■ RECORDED INFORMATION ■
—————

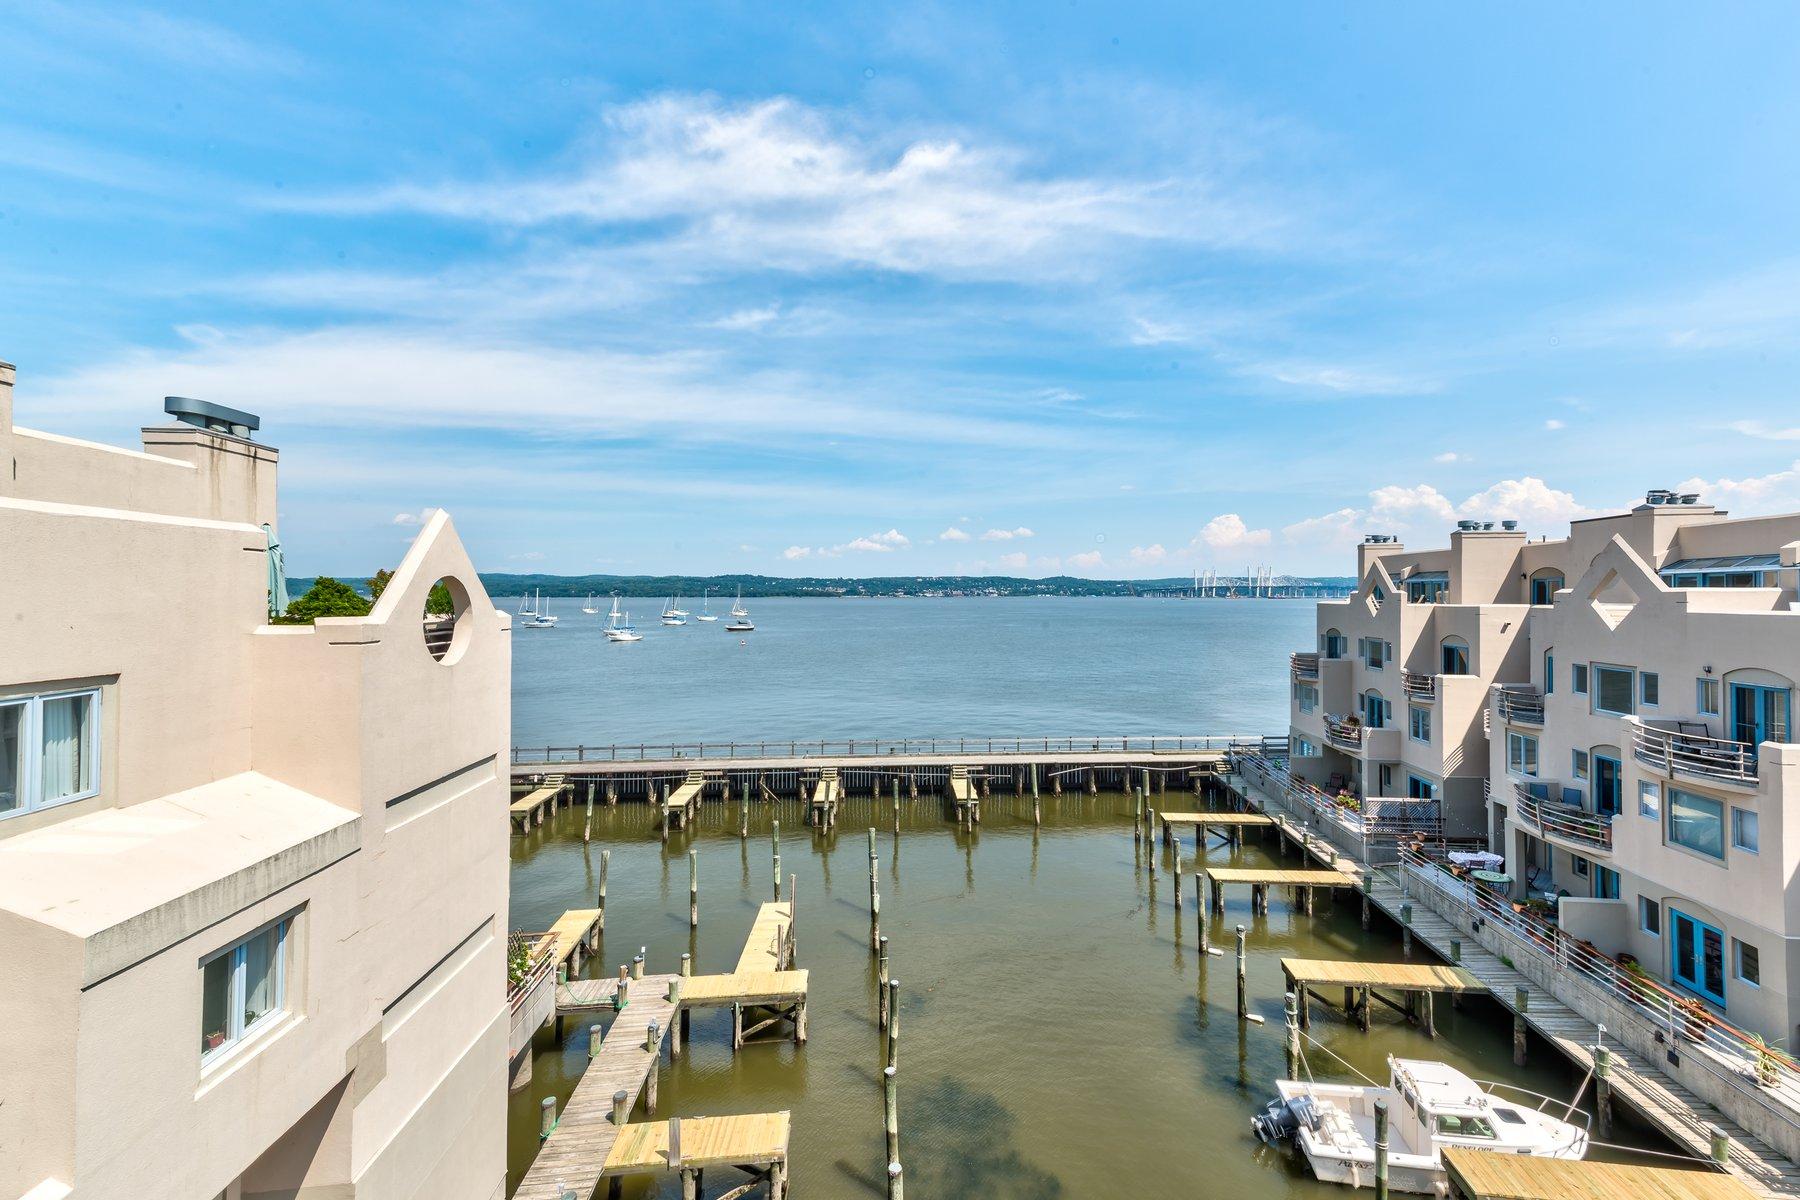 Кондоминиум для того Продажа на Breathtaking Views - Riverfront Condo 4 Burd Street #2206 Nyack, Нью-Йорк 10960 Соединенные Штаты
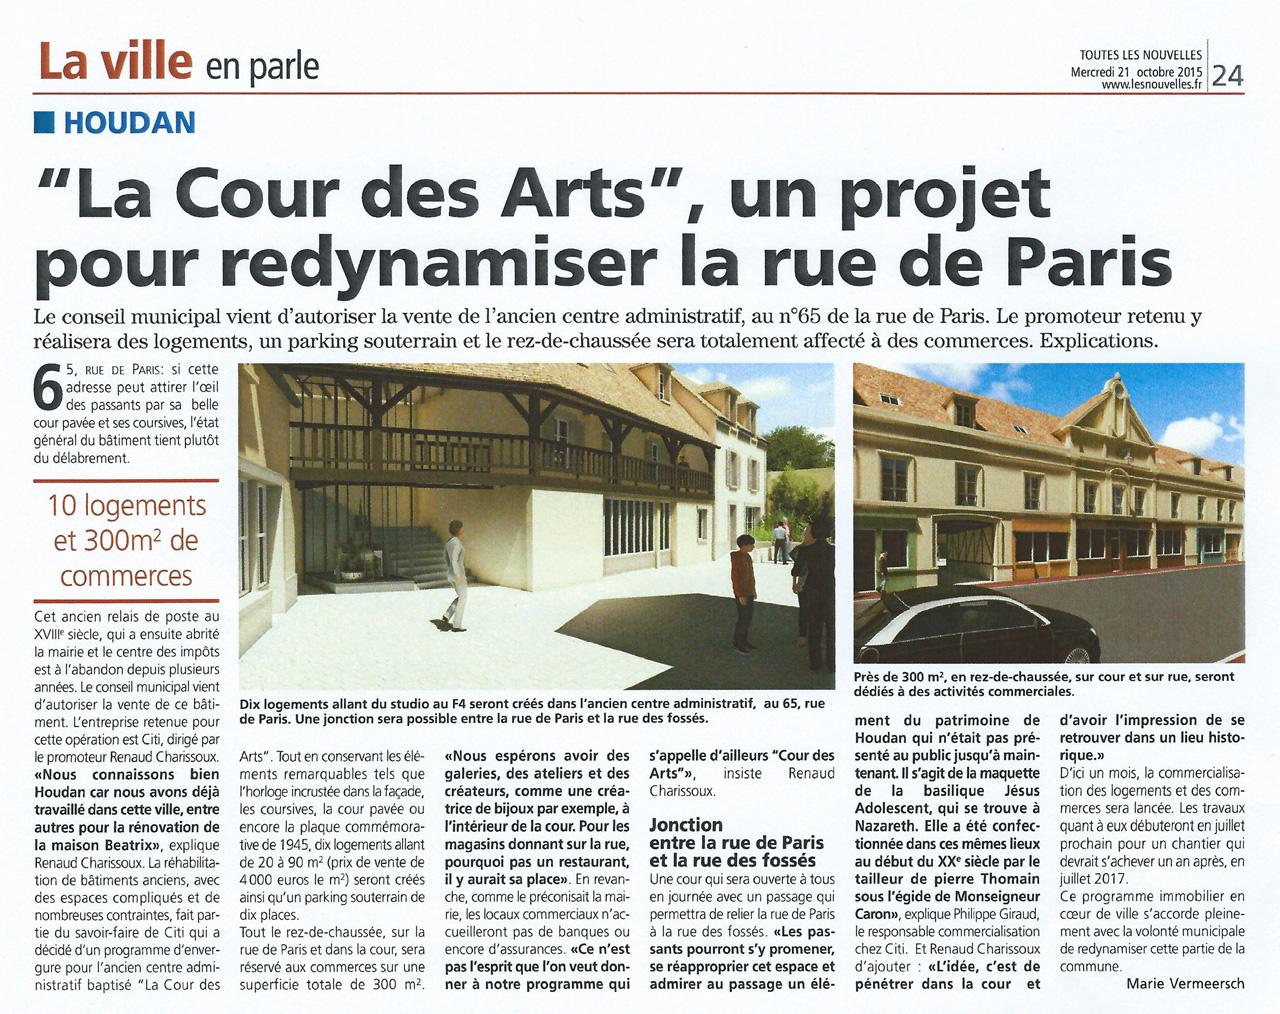 La_Cour_des _Arts_les_nouvelles
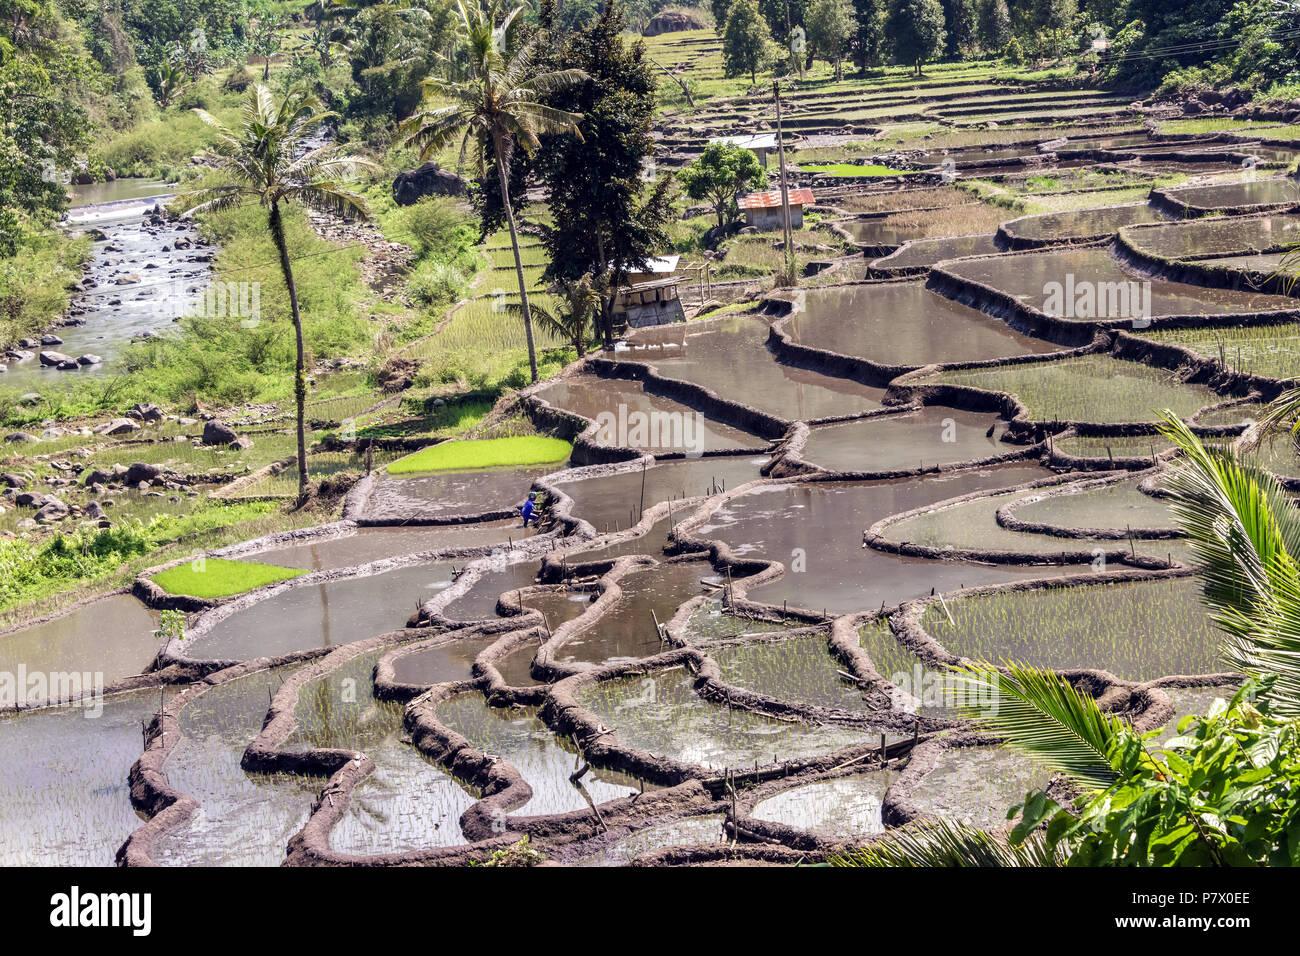 Rice terraces at planting season, near Detusoko, East Nusa Tenggara, Indonesia - Stock Image

—————

■ WHAT IS NEEDED ■
The answer should contain every line of the material exactly as written and no pictures.

■ EXERCISE RESULT ■
 Кондоминиум для того Продажа на Breathtaking Views - Riverfront Condo 4 Burd Street #2206 Nyack, Нью-Йорк 10960 Соединенные Штаты
 La_Cour_des _Arts_les_nouvelles
 Rice terraces at planting season, near Detusoko, East Nusa Tenggara, Indonesia - Stock Image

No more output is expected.